Which in turn matches the index->fd != fd expression here:

https://github.com/NeuronRobotics/nrjavaserial/blob/0df8b60485a56d7698b71183237b5615d02a8194/src/main/c/src/SerialImp.c#L4935-L4936

In other words, while navigating the chain of event_info_structs, the code in interruptEventLoop appears to be bumping into a garbage next pointer and tries to dereference it, causing the crash.

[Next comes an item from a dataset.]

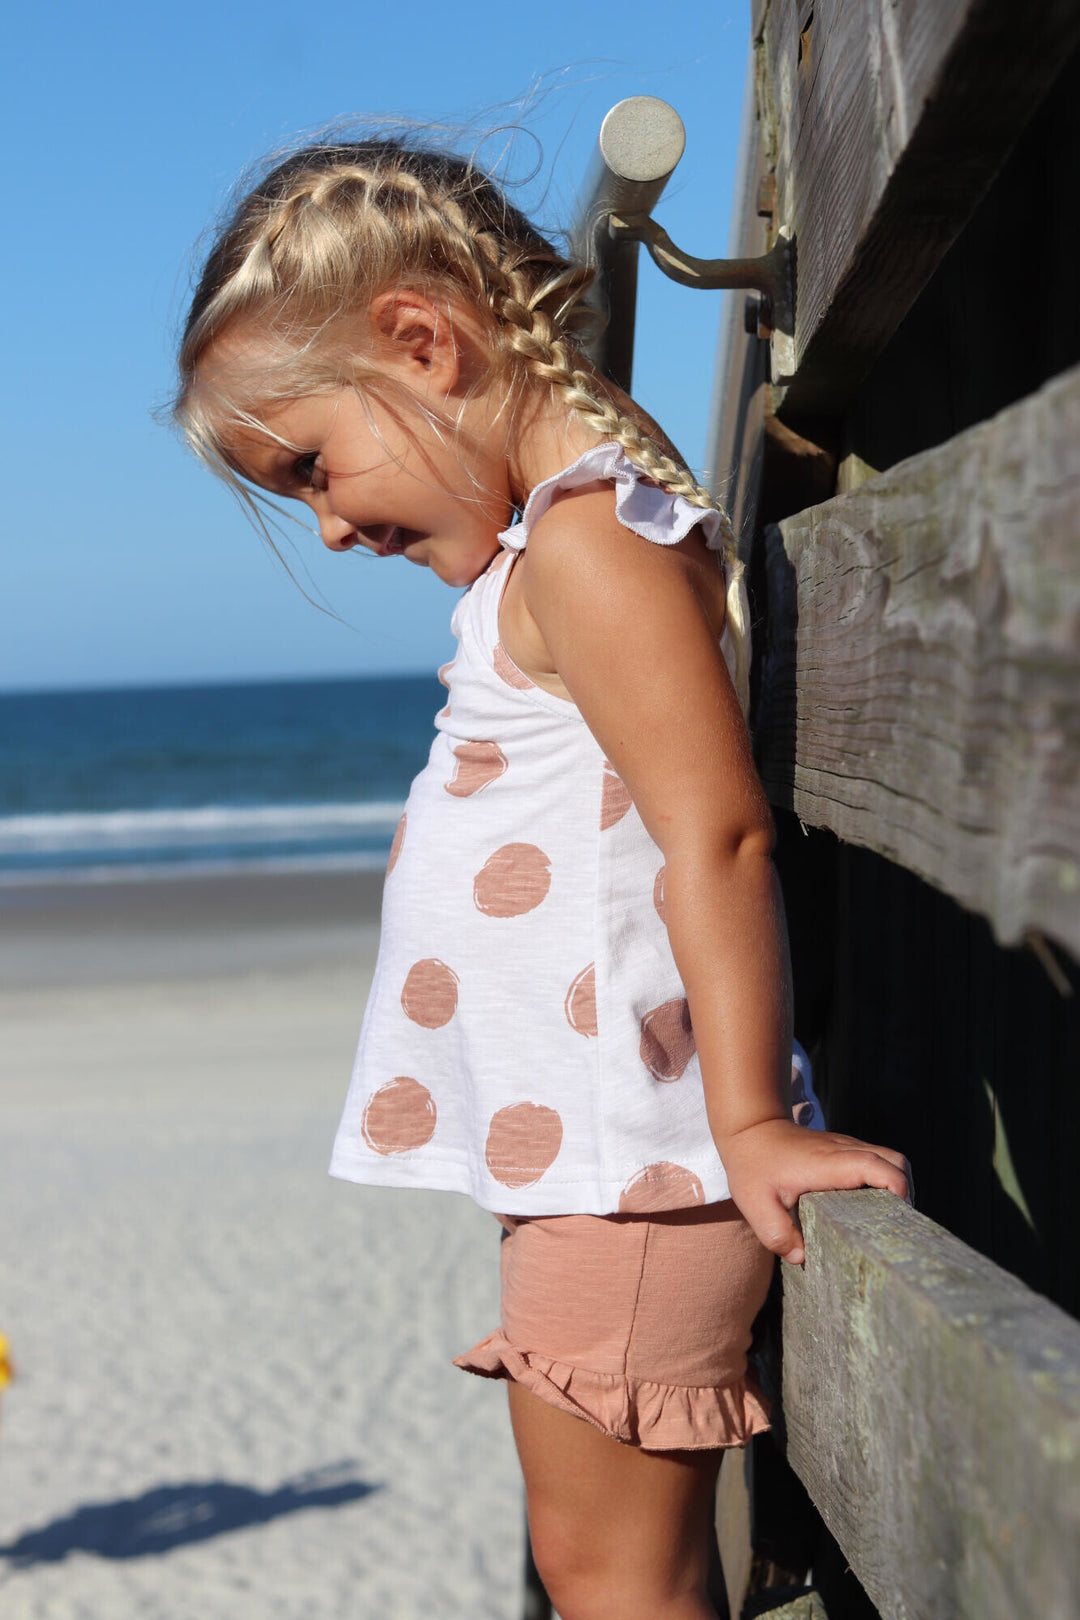 Child wearing Kids' Tank & Tap Short Set in Adobe Dot.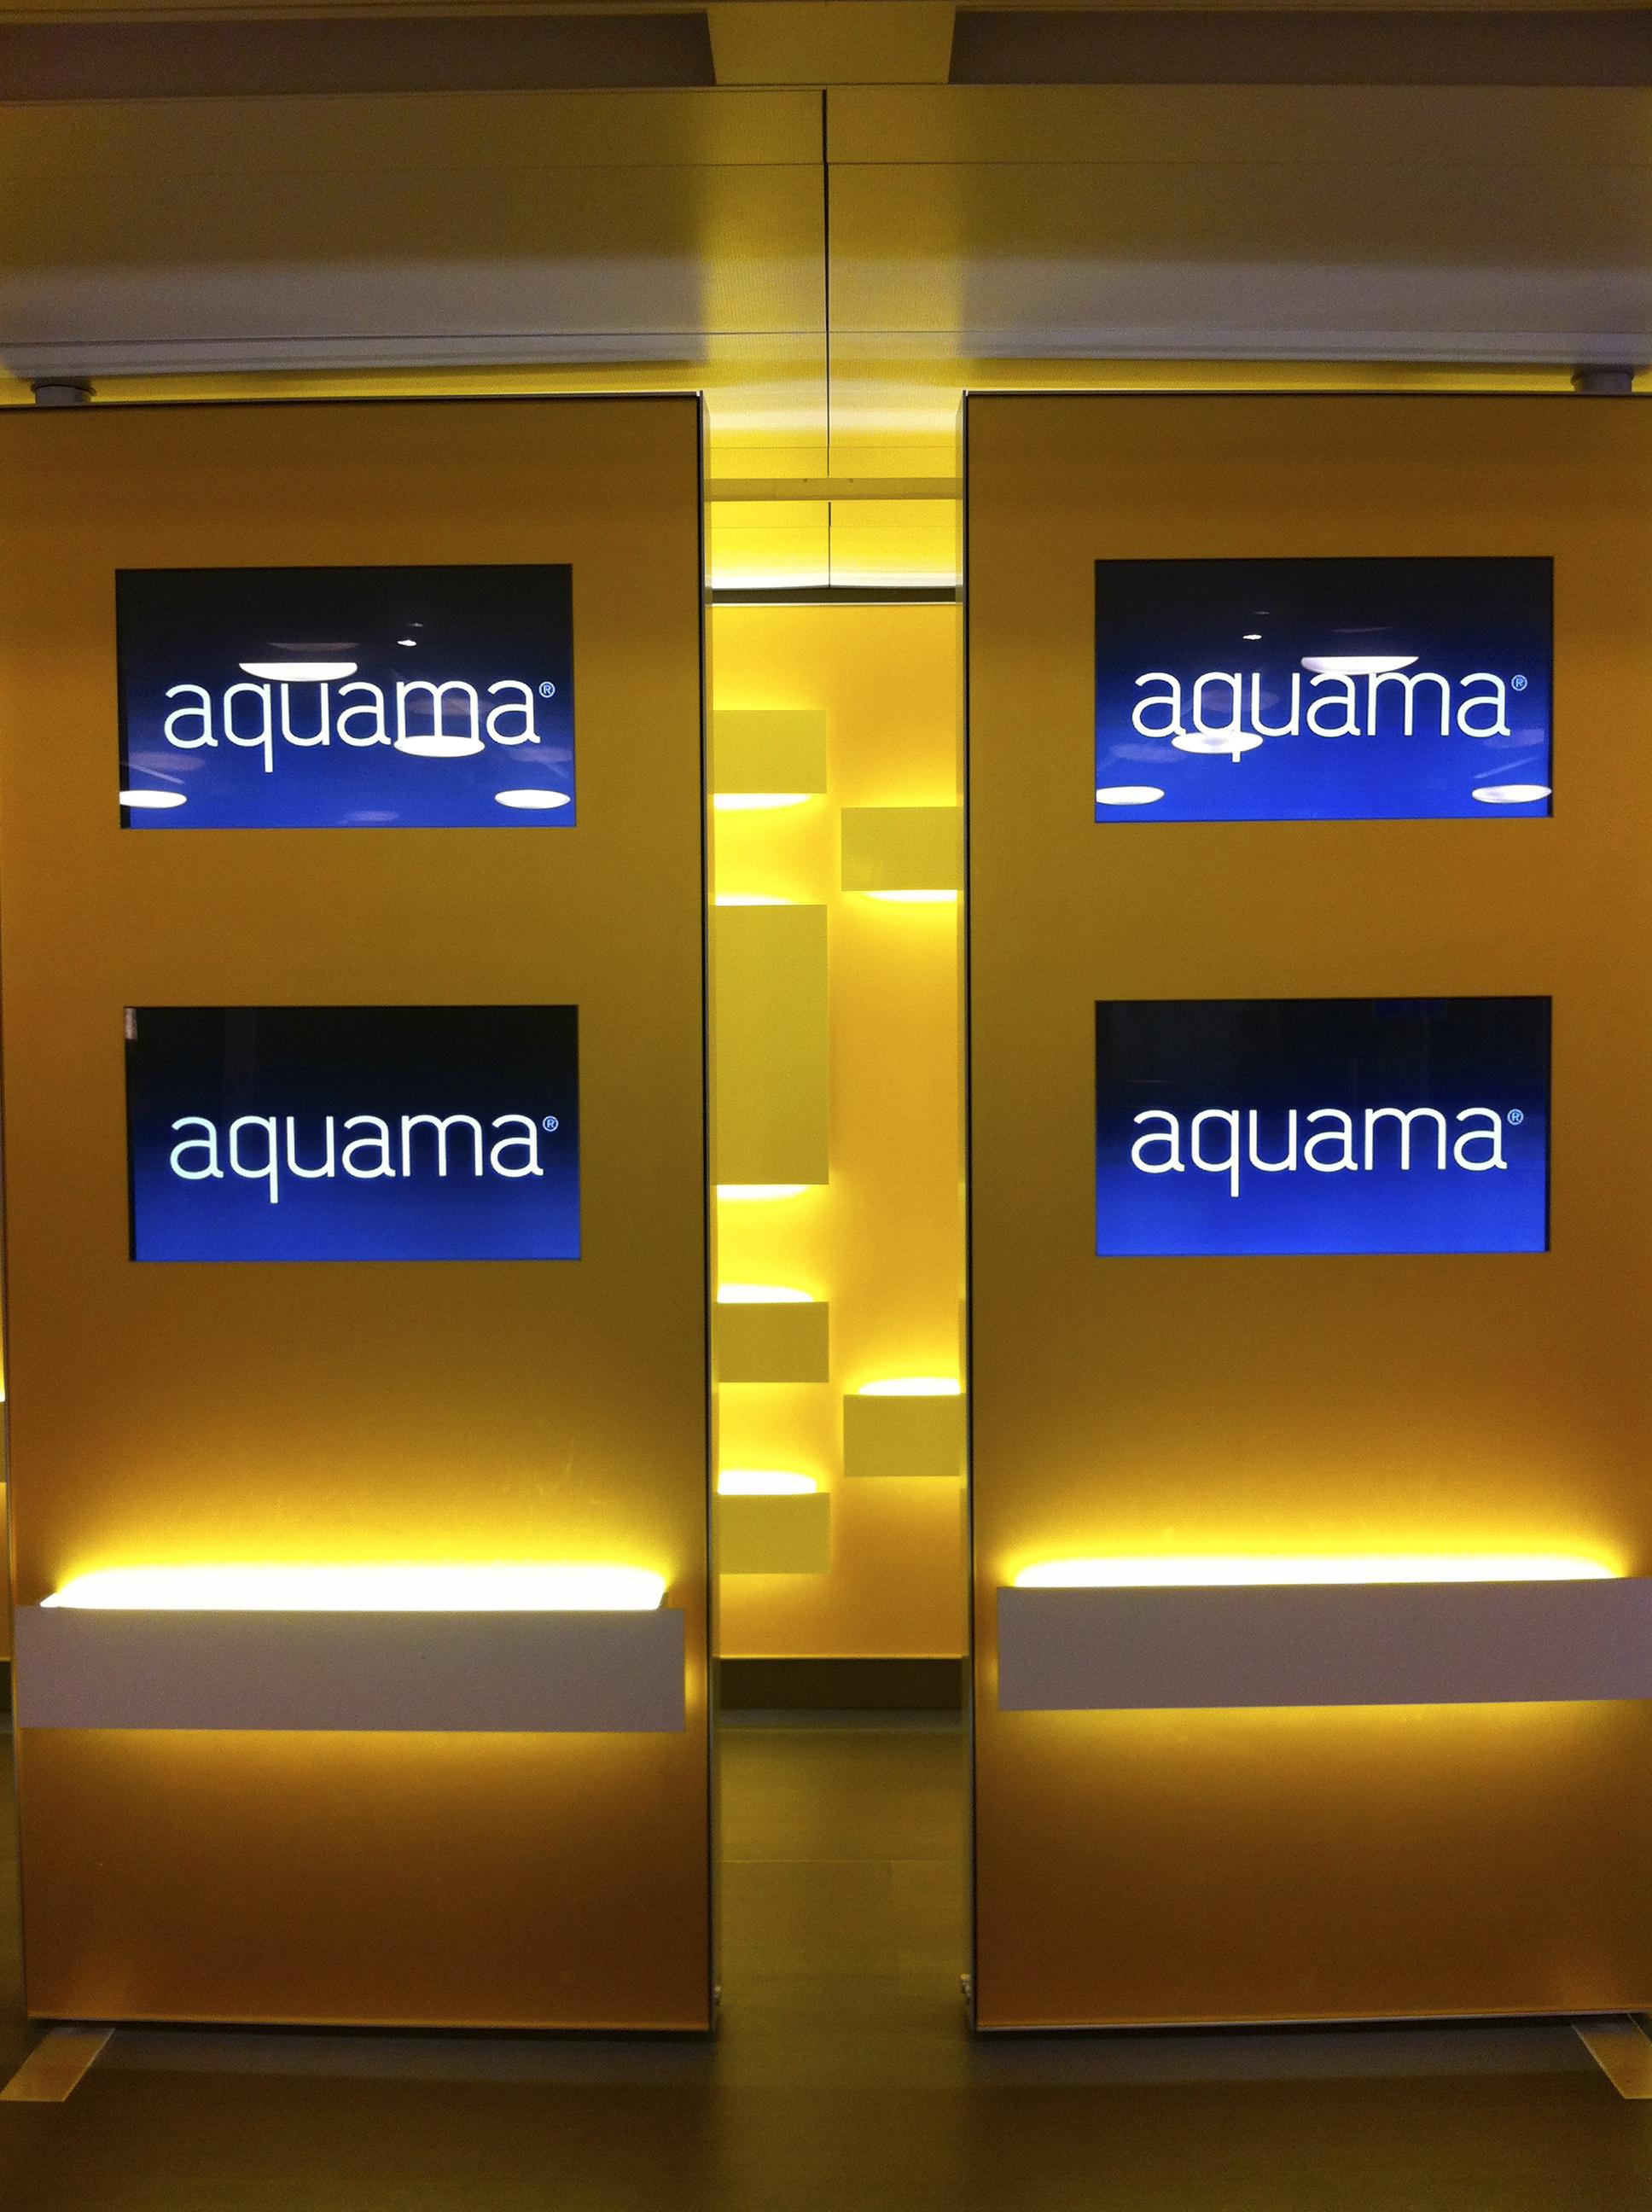 aquama displays on screen TV at airport

Possibly related to issue #197, which is reporting an infinite loop rather than a crash.

Possible explanation

If I’m reading the source code correctly, each event_info_struct is owned by its monitor thread, and lives in the stack frame of that thread’s eventLoop.

I couldn’t ultimately figure out how garbage could be possibly ending up in the middle of an event_info_struct.

But a possible explanation would be: a monitor thread might be dying before it gets to bail out of its event_loop. Or maybe a TERM or some other signal is beaming the thread out of its event_loop. Either way, the event_loop never gets to run finalize_event_info_struct. This causes a stale pointer to remain in the global chain, even after the stack frame of event_loop is unrolled. The memory might later be reused by another stack frame or stack.

This theory could explain why during a subsequent invocation of interruptEventLoop in some other thread, while navigating the global chain of event_info_structs, the code might be taking some piece of stack garbage as the real thing.

All that is just speculation from static analysis of the code. But if my theory happens to be correct, it might also explain the stalling reported in issue #197; if the stack segment of a reaped monitor thread is immediately reused by another monitor thread, the stack frame address of the new event_loop might perfectly align with the stale stack frame from the past thread’s event_loop, which means its event_info_struct pointer might end up twice in the global chain. This would cause a cycle in the chain, and a subsequent call to interruptEventLoop from a Java thread might become stuck in an infinite cycle.

Fix

Preliminary testing suggests that PR #211 might be fixing this.